Еще один шальной — или прицельный — быть может, французы заметили маневр корсара — выстрел вздымает столб пенной воды по правому борту. Сильный недолет. «Кулебра», поставив все паруса на своей единственной мачте, мощно рвется вперед, режет форштевнем гладь моря — почти безмятежного благодаря тому, что ветер дует с близкой суши. Широко расставив ноги для устойчивости, заложив руки за спину, Лобо бросает прощальный взгляд на Тарифу, чья северная стена по-прежнему скрыта в дыму, посверкивающем искорками выстрелов. Вот уж не жалко, что снялись отсюда.
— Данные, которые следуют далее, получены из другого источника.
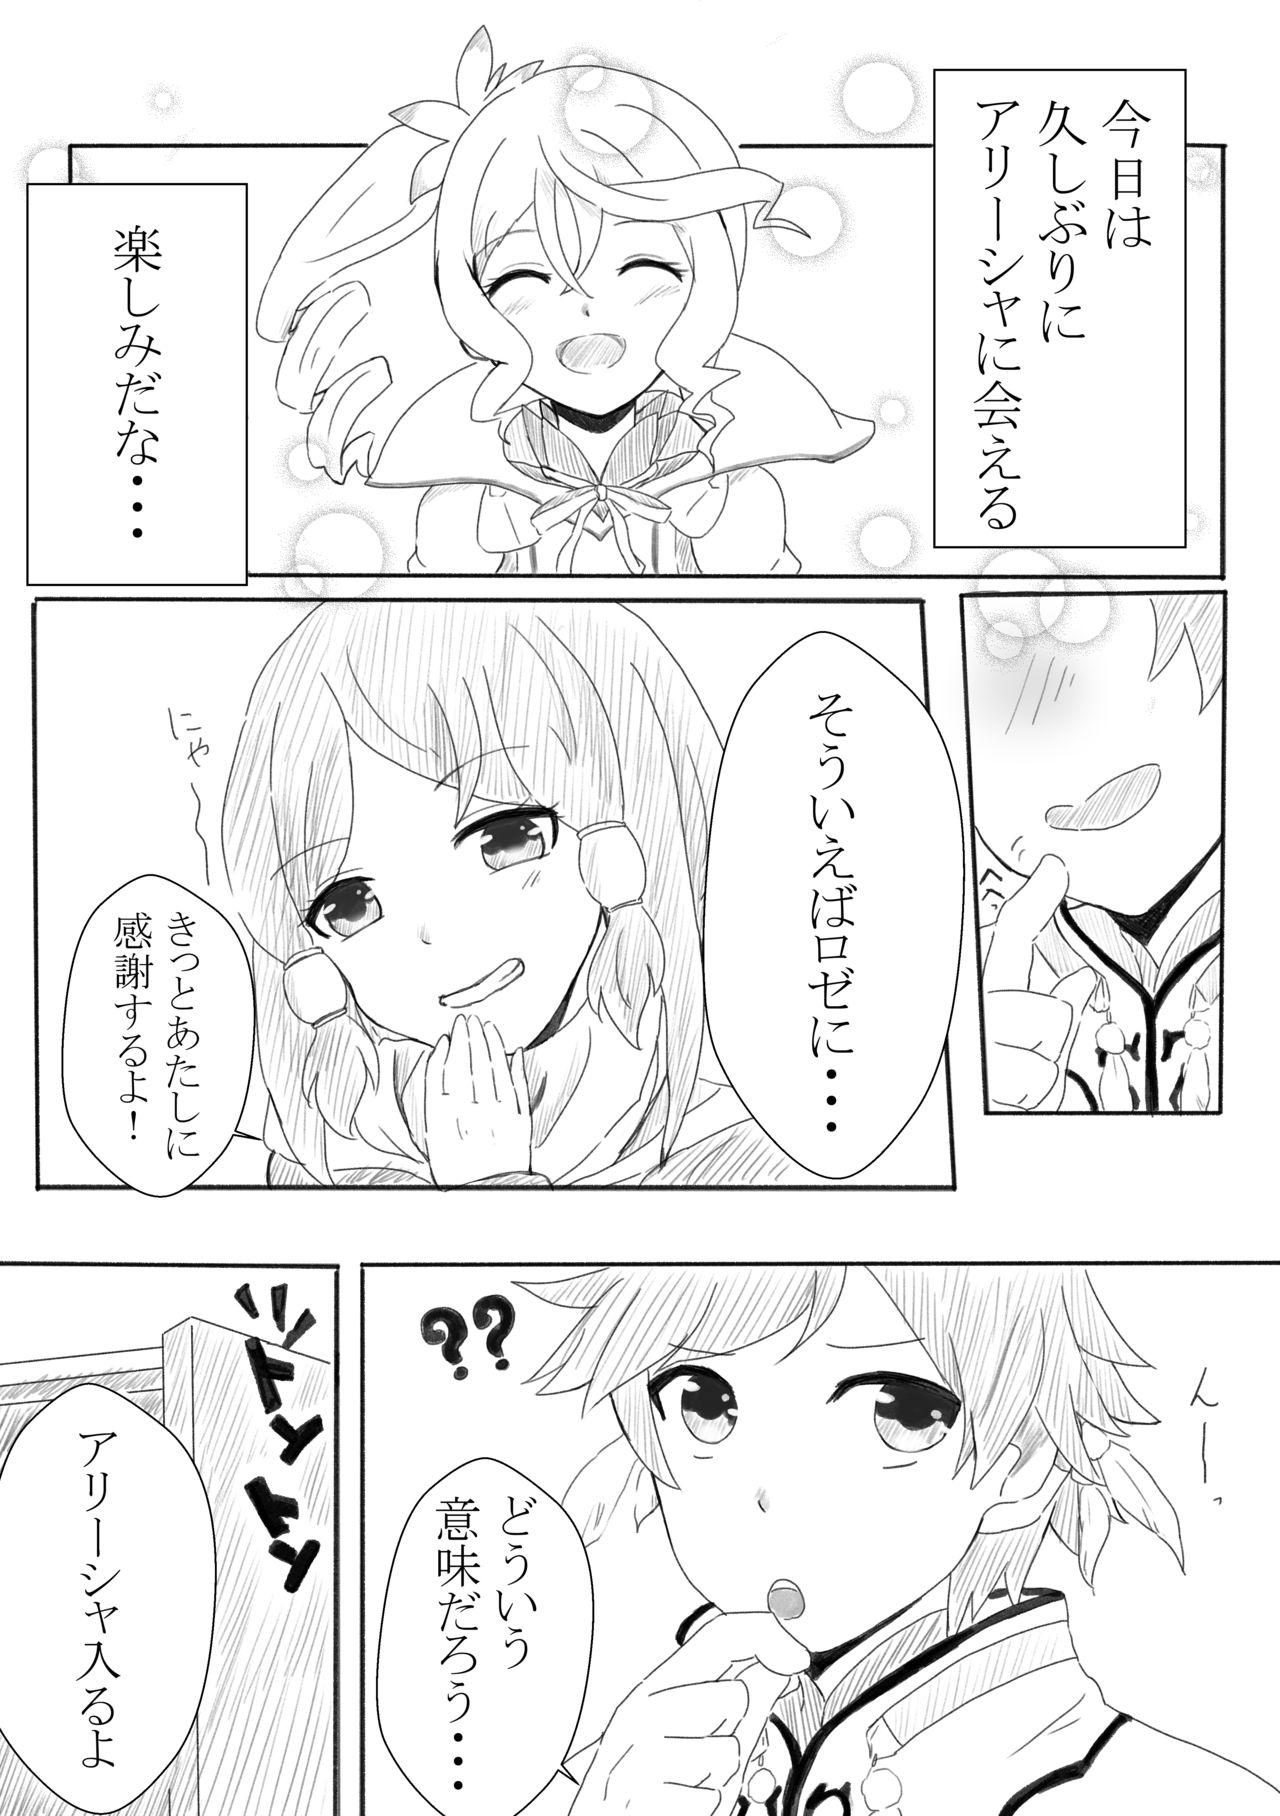 Joven アリーシャで癒して？ - Tales of zestiria Dominant - Page 2
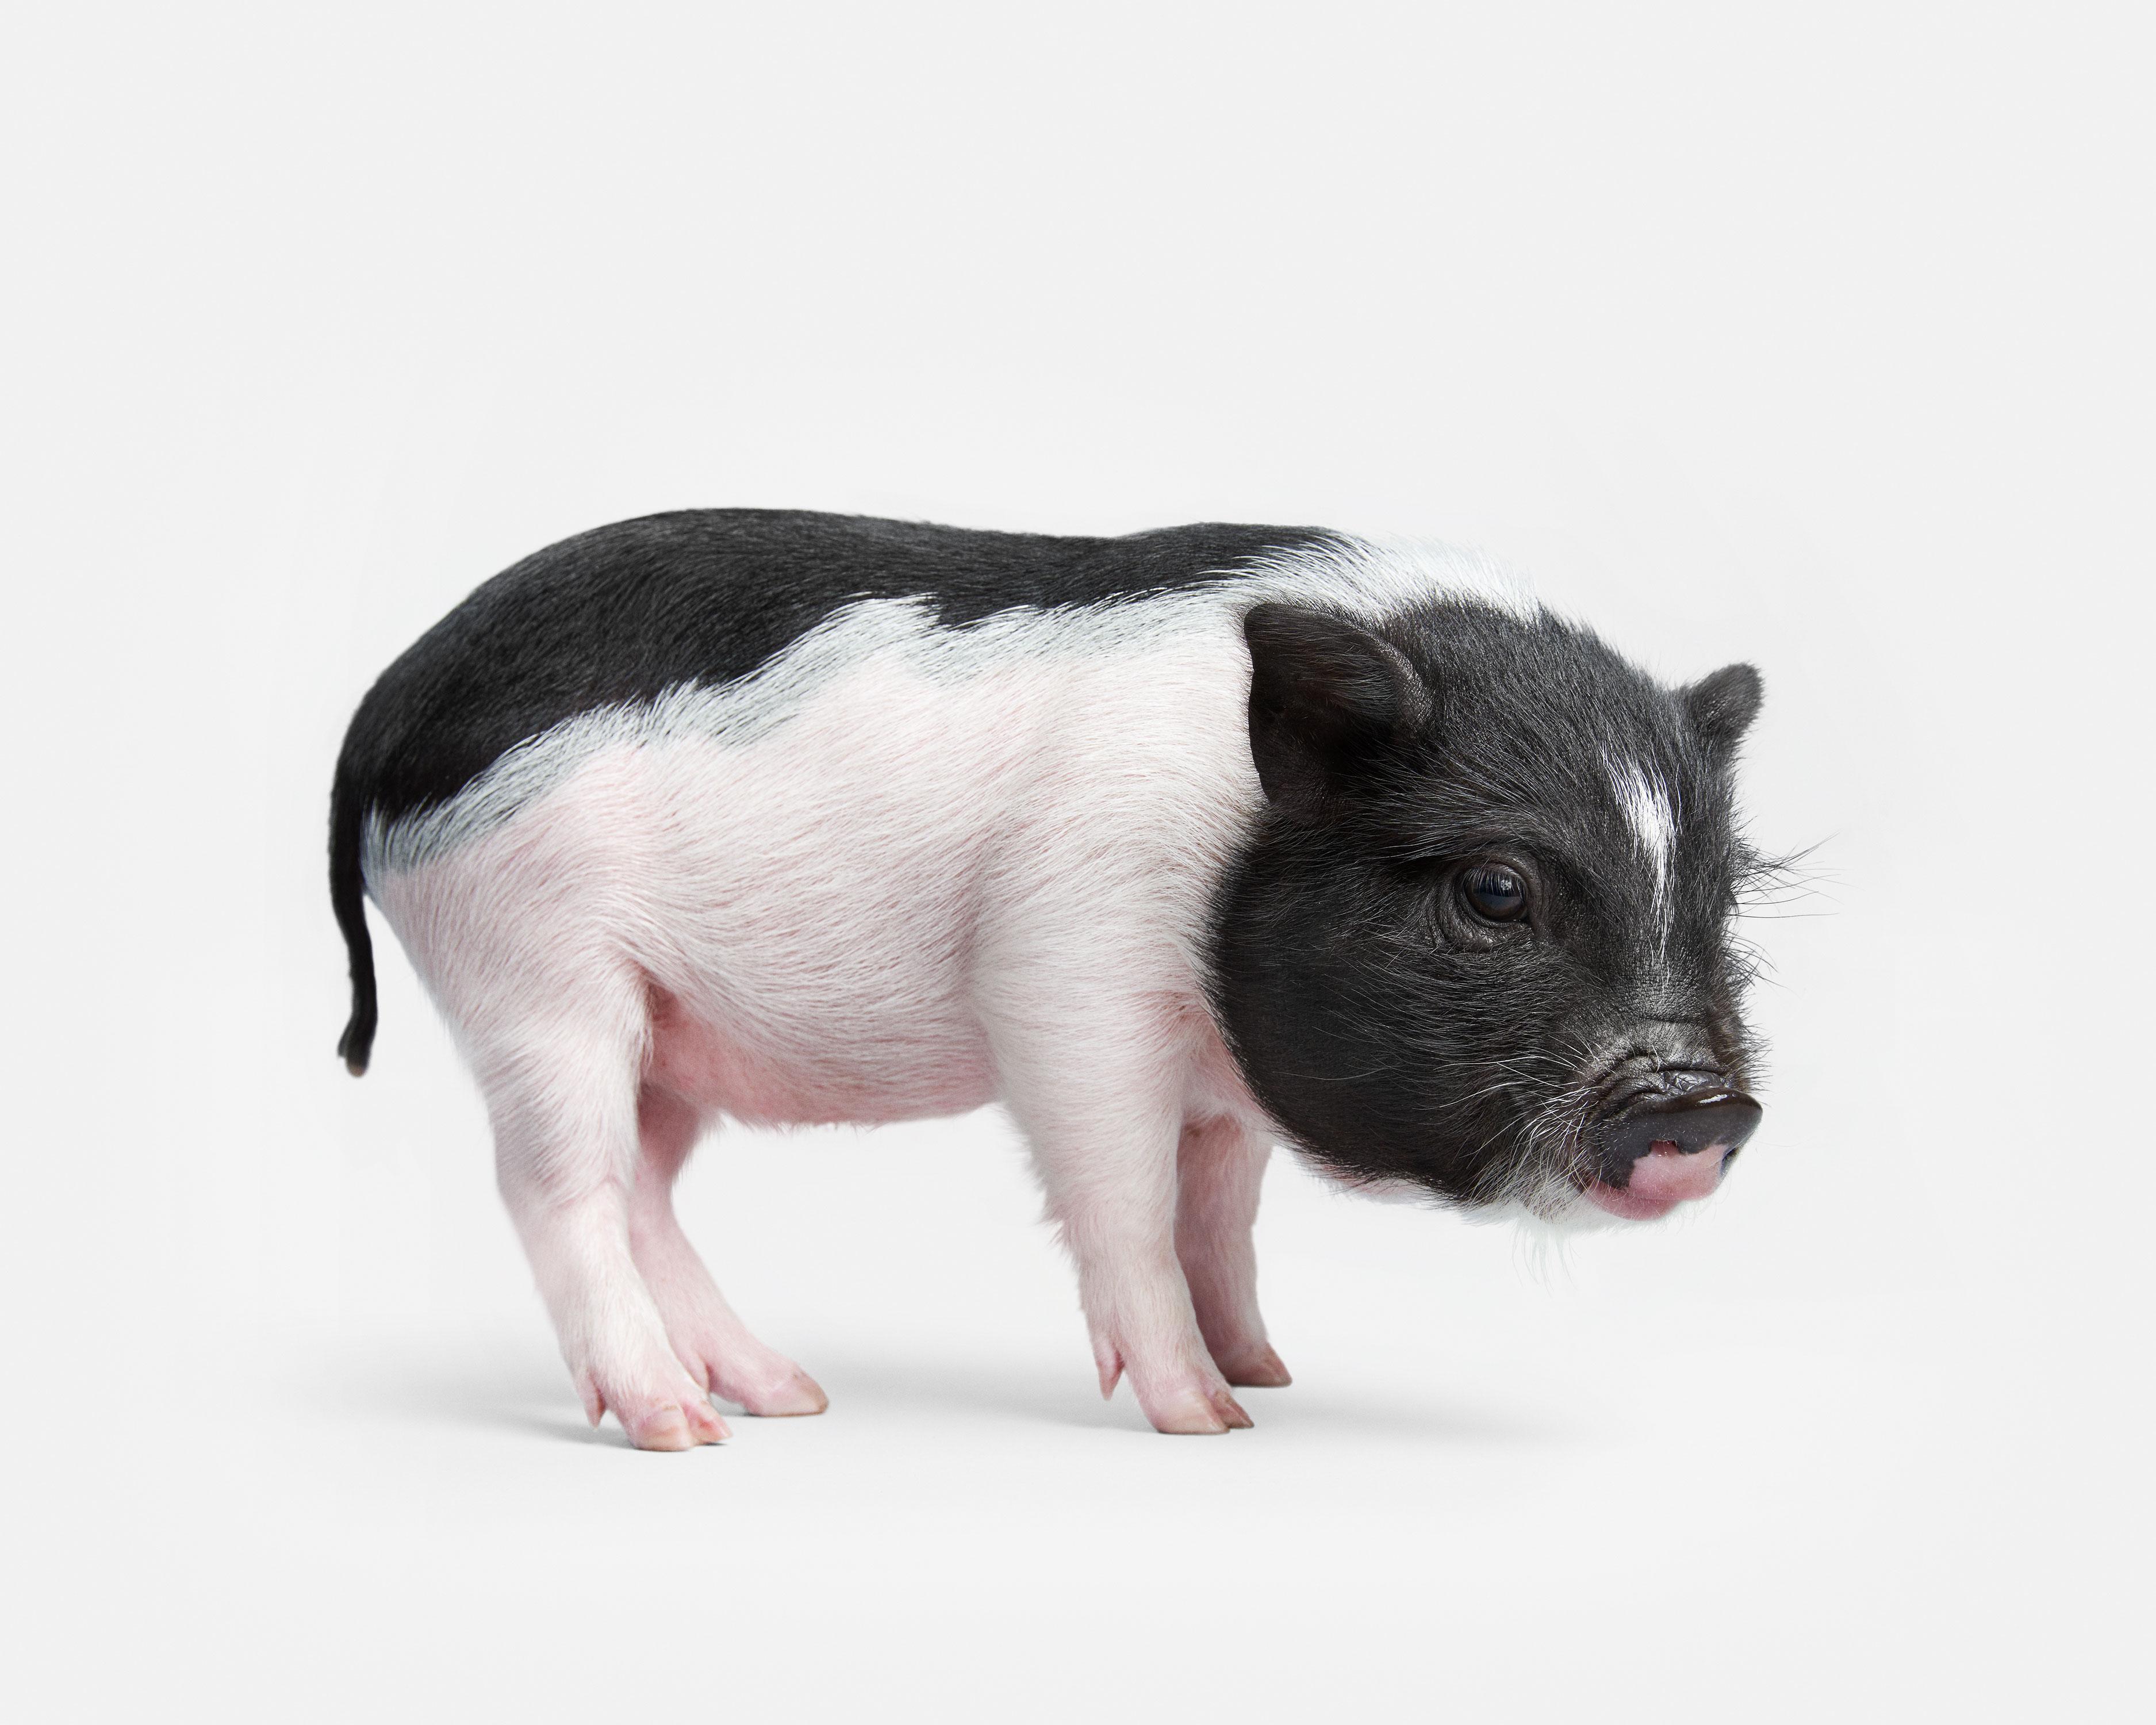 Randal Ford Color Photograph - Pot Bellied Piglet (30" x 37.5")

Совсем нет.
— В Кадис? — говорит Маранья.
На палубе ему пока делать нечего, и он вернулся на корму — стоит рядом с капитаном, со скучливо-безразличным видом сунув руки в карманы. Однако от Пепе Лобо не скрыть, что его помощник, как, впрочем, и вся команда, включая сияющего боцмана Брасеро, очень доволен. Быть может, удастся побыть день-два в порту, сойти на берег, ощутить наконец под ногами земную твердь, а не качающуюся палубу. После трех недель в море это было бы просто прекрасно. И потом, может быть, усилия арматоров увенчаются успехом и «Кулебра» восстановит свое каперское свидетельство и перестанет носиться взад и вперед на манер вестового корабля распоследнего ранга.
— Да, — отвечает он, думая о Лолите Пальме. — В Кадис.
Иначе как злой насмешкой судьбы нельзя объяснить название этой улицы — Силенсио.[40] Словно бы сам город в сложно ветвящемся нагромождении своих улиц и закоулков издевается над Рохелио Тисоном. Так думает комиссар, пока при свете фонаря, нагнув голову и придерживая, чтоб не слетела, шляпу, протискивается в пролом в стене замка Гуардиамаринас — каменного, темного, полуразрушенного и лет уж пятнадцать как заброшенного. Тисон знает, что место это не простое — здесь проходил некогда меридиан Кадиса. В былые времена в квадратной башне, и сейчас еще возвышающейся в южной части замка, помещались службы Военно-морской обсерватории, а в северной — Морской корпус. Затем и то и другое перевели на Исла-де-Леон. Потом здесь была казарма, потом ее безуспешно пытались переделать в тюрьму, а еще потом — продали какому-то частному лицу и оставили в забросе. Замок в таком состоянии, что даже эмигранты, ищущие любое пристанище в городе, здесь не селятся — камень крошится, потолки обвалились, а стропила изъедены жучком и сгнили.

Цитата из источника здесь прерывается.